>>>

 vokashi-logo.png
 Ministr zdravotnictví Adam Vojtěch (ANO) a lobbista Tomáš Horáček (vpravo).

<<<
>>>

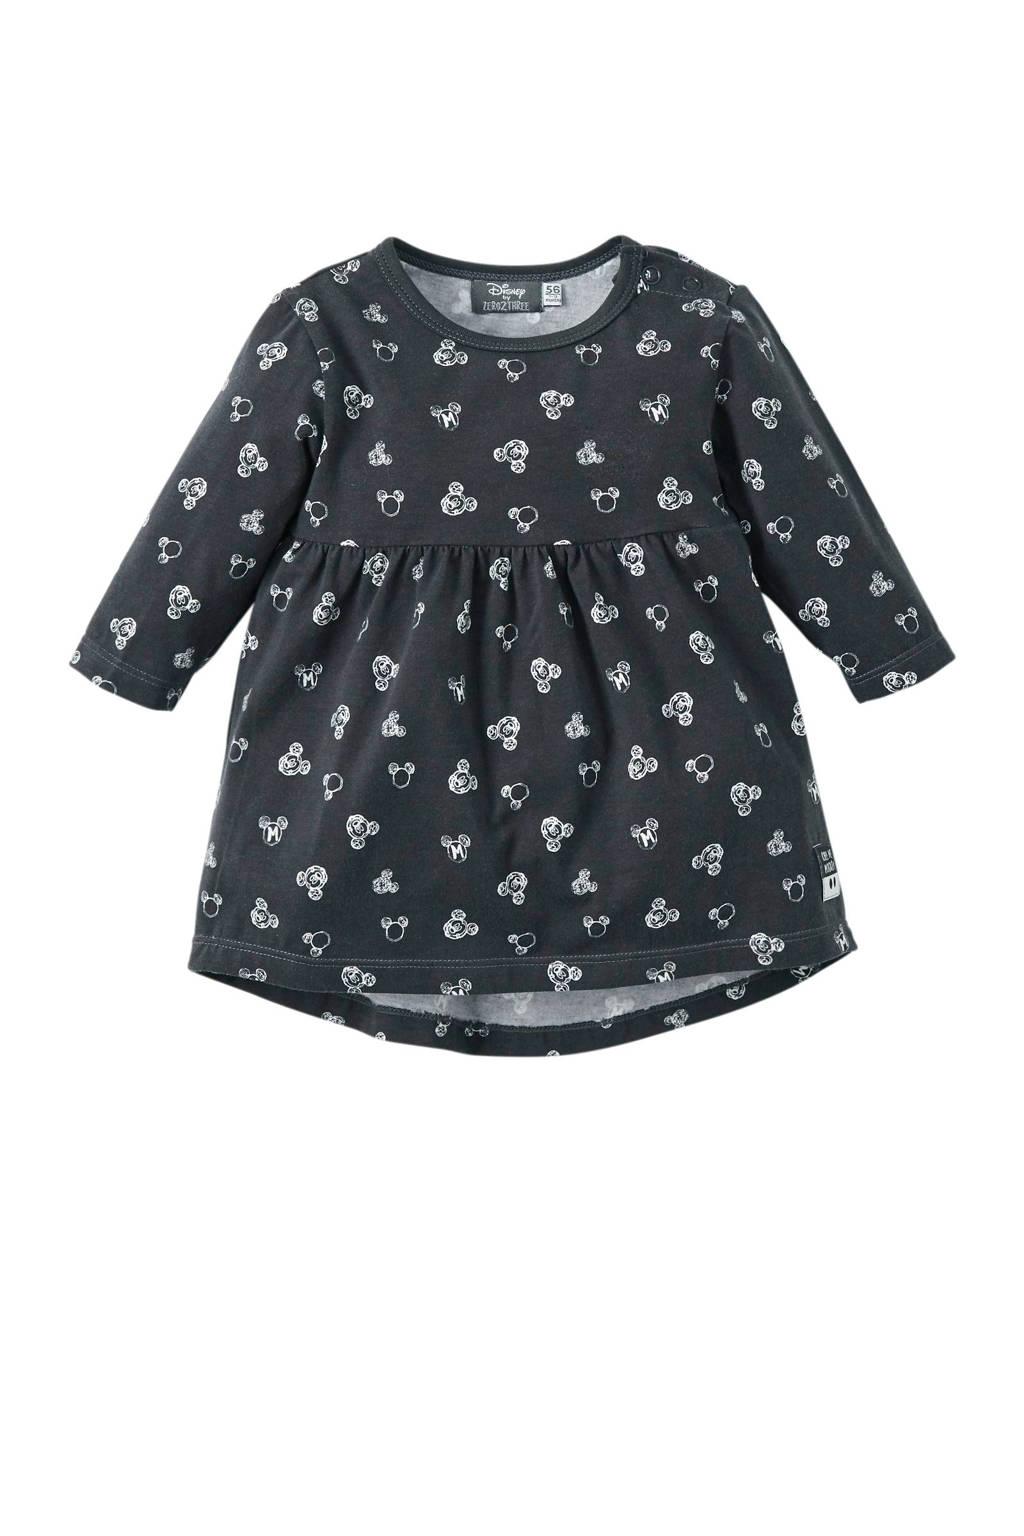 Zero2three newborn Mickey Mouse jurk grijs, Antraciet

<<<

◆ Action item: Among the entries above, locate the lines containing "vokashi-logo.png" and "Ministr zdravotnictví Adam", and transcribe exactly those two lines and all lines between.

◆ Your response:
 vokashi-logo.png
 Ministr zdravotnictví Adam Vojtěch (ANO) a lobbista Tomáš Horáček (vpravo).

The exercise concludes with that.